Not only is it a prolific growing plant but it can also be considered a hard to control weed species. *

I have a fond place in my heart for both Arkansas and Louisiana. In the past, both states hosted outstanding AFGC Annual Conferences. 
At the Taste of Louisiana I had to tell the Extension Agent that the food was not authentic South Louisiana French Food! No Jacks Beer! Just showing my age.

Darwood are you at all close to John Spain, raising cattle in the NW part of Arkansas.

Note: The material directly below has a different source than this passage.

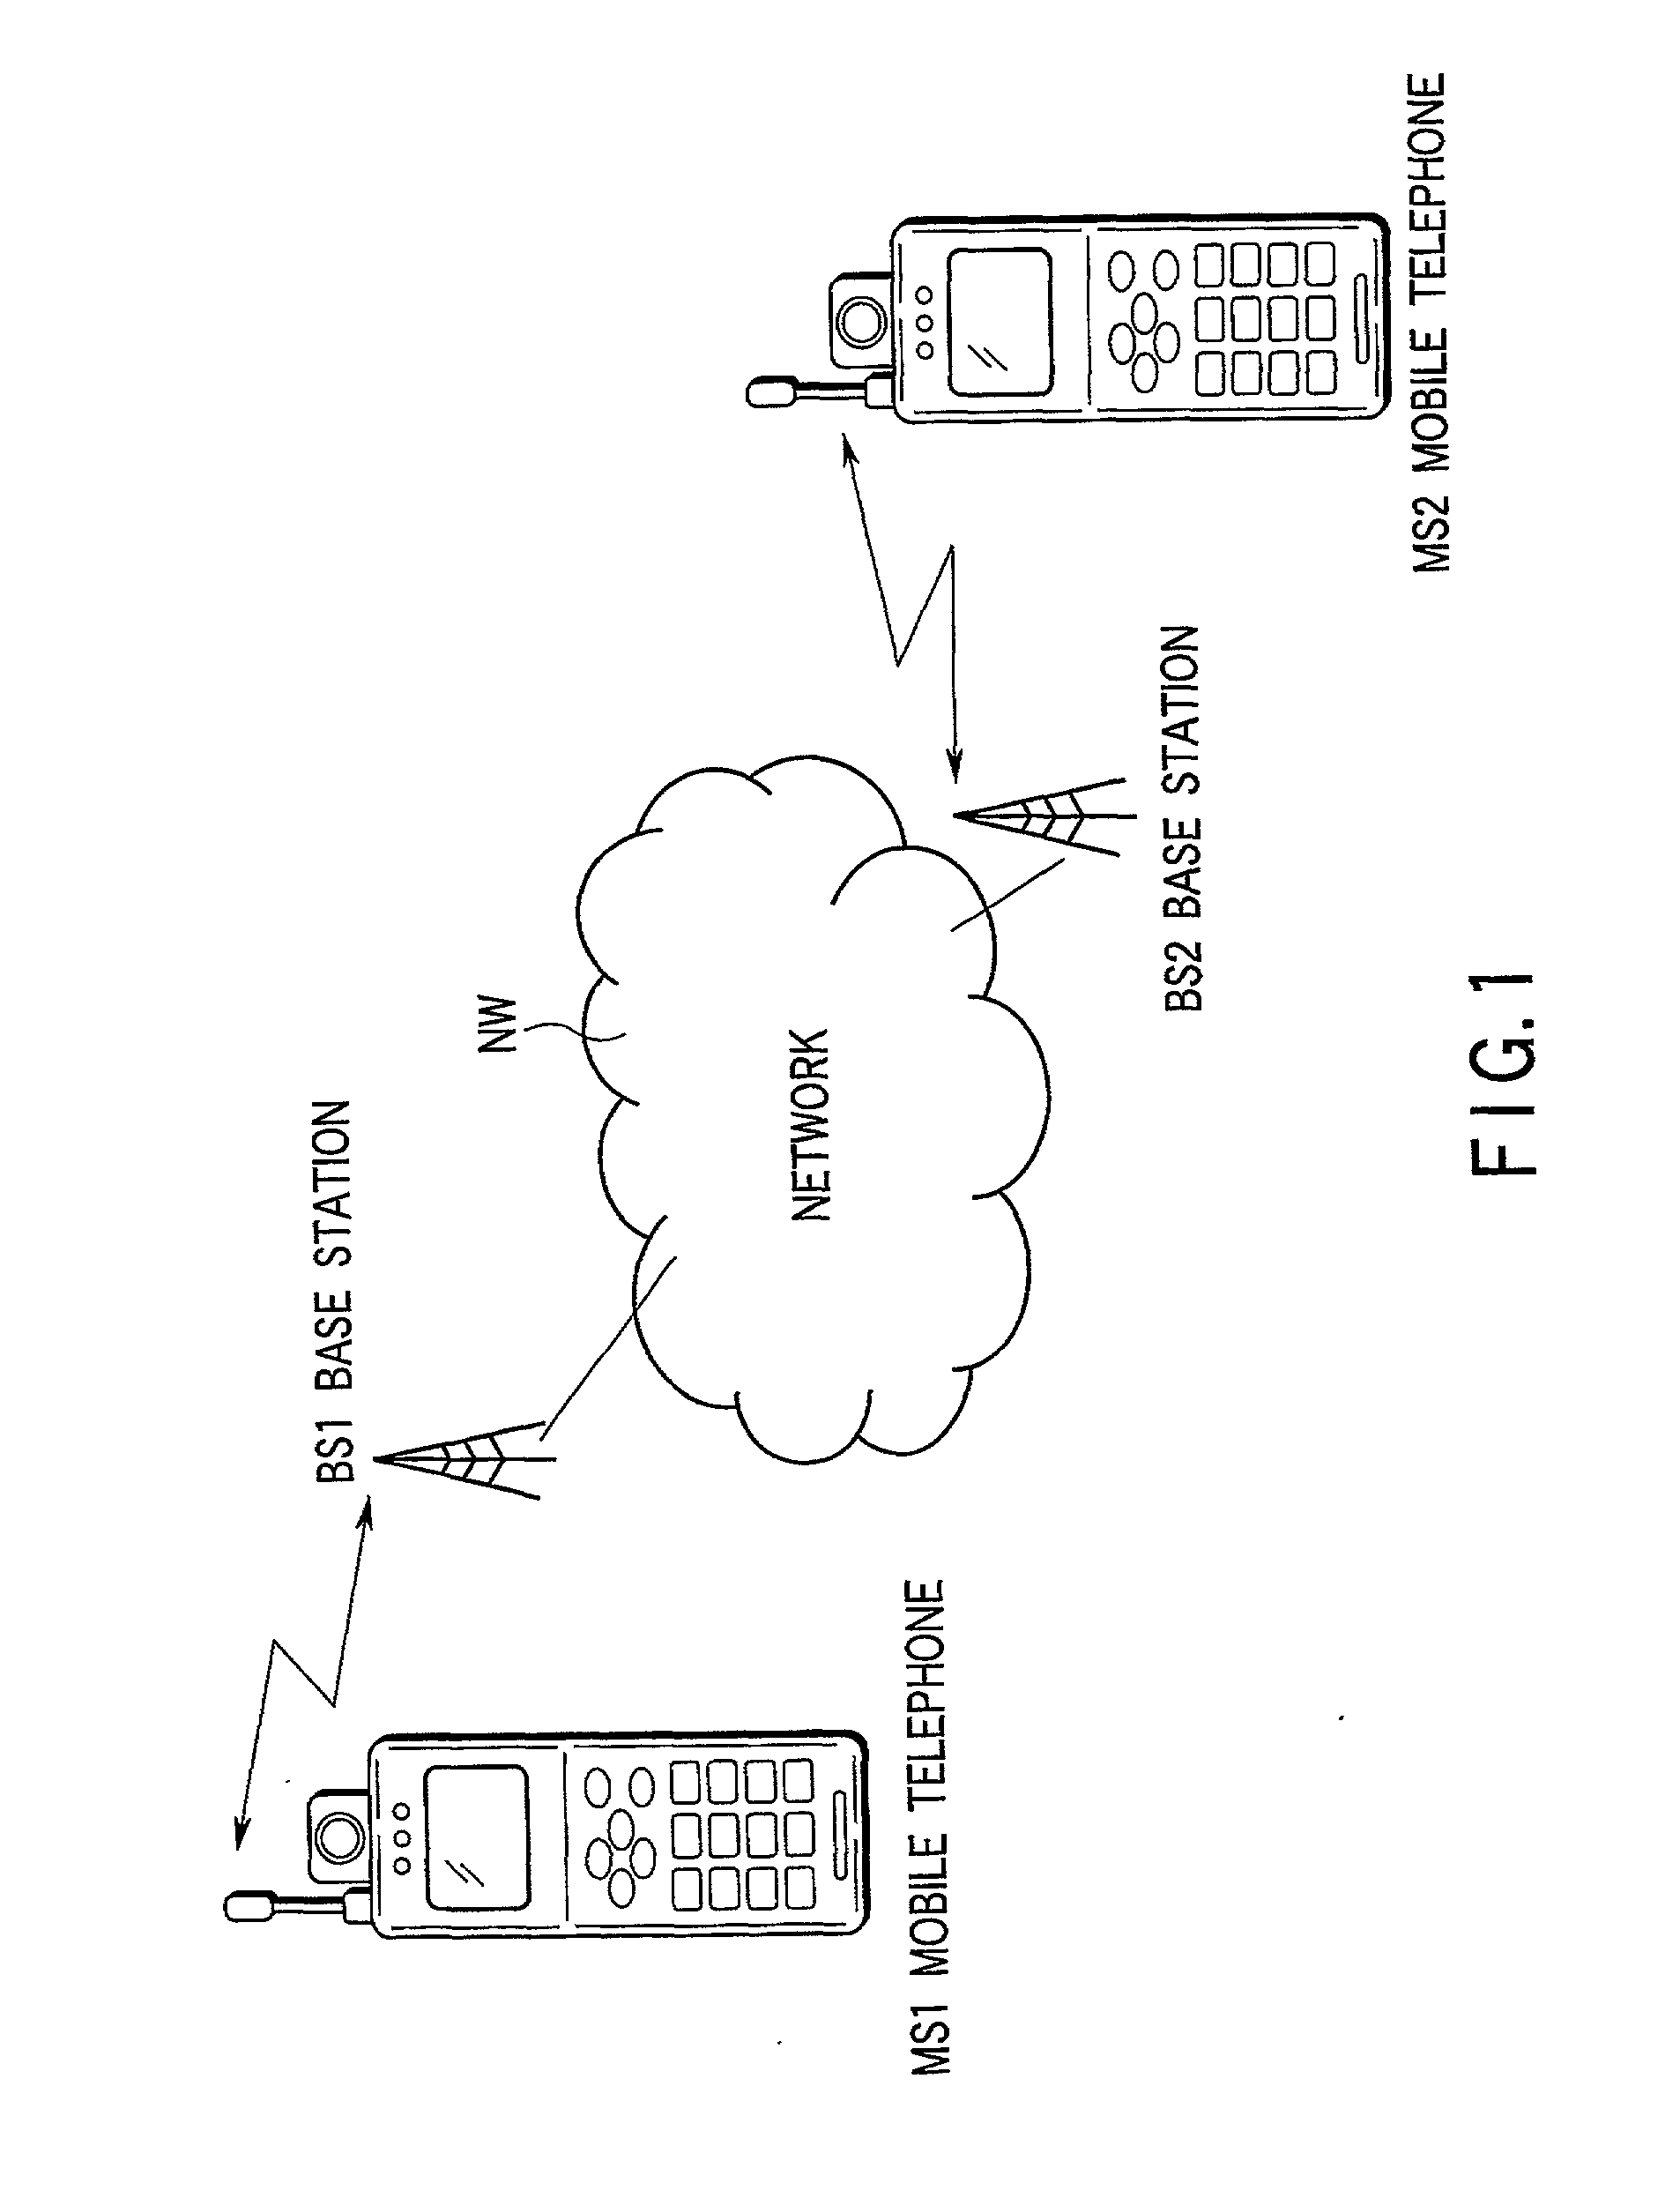 Data transmission system and communication devices

DHFarms how close to I-10 are you? Say between Texas Line and Lafayette? Along US 90 from Lafayette to Morgan City. My Wife has family at Morgan City. I-10 & US 90 is how we travel when we visit MC.


----------



## DKFarms (Aug 11, 2008)

hay wilson, thanks for the vote of confidence. I always second guess myself after I've made a command decision. Looks like last week's spraying is starting to work. Broadleaf is definitely getting whacked, other grasses are slowly responding. The foxtail and seedling barnyard don't seem to be affected. Need a little rain to get the residual pre-emerge portion of the Cimarron down in the soil. Nothing forecasted until maybe next Friday. That means more $$ to keep pumping on the crawfish ponds. I am located about 4 miles north of I-10 near Crowley. Crowley is on I-10 about 20 miles west of Lafayette. Give me a shout when you come through. You can see my brand new baler and the payment book that came with it, too. We're easy to find. My wife is from the same area, also, the Baldwin-Franklin area, about 20 miles before you get to Morgan City on US 90.


----------



## darwood (Jun 7, 2010)

Hay wilson, I know John Spain well. he has the most prolific stand of clovers in this corner of the state, on his place. The Northwest corner of AR is known for producing some high quality bermuda grass. Sadly, as I sit here and type, I have yet to get mine sprayed. The weather has been in the 40's with rain forcasted all week. Maybe Friday, it might get done. I'm still gonna go with glyphosate and ally, just might cut the glyphos back to a pint instead of the quart rate, got a bit of green showing. Oh the joys.


----------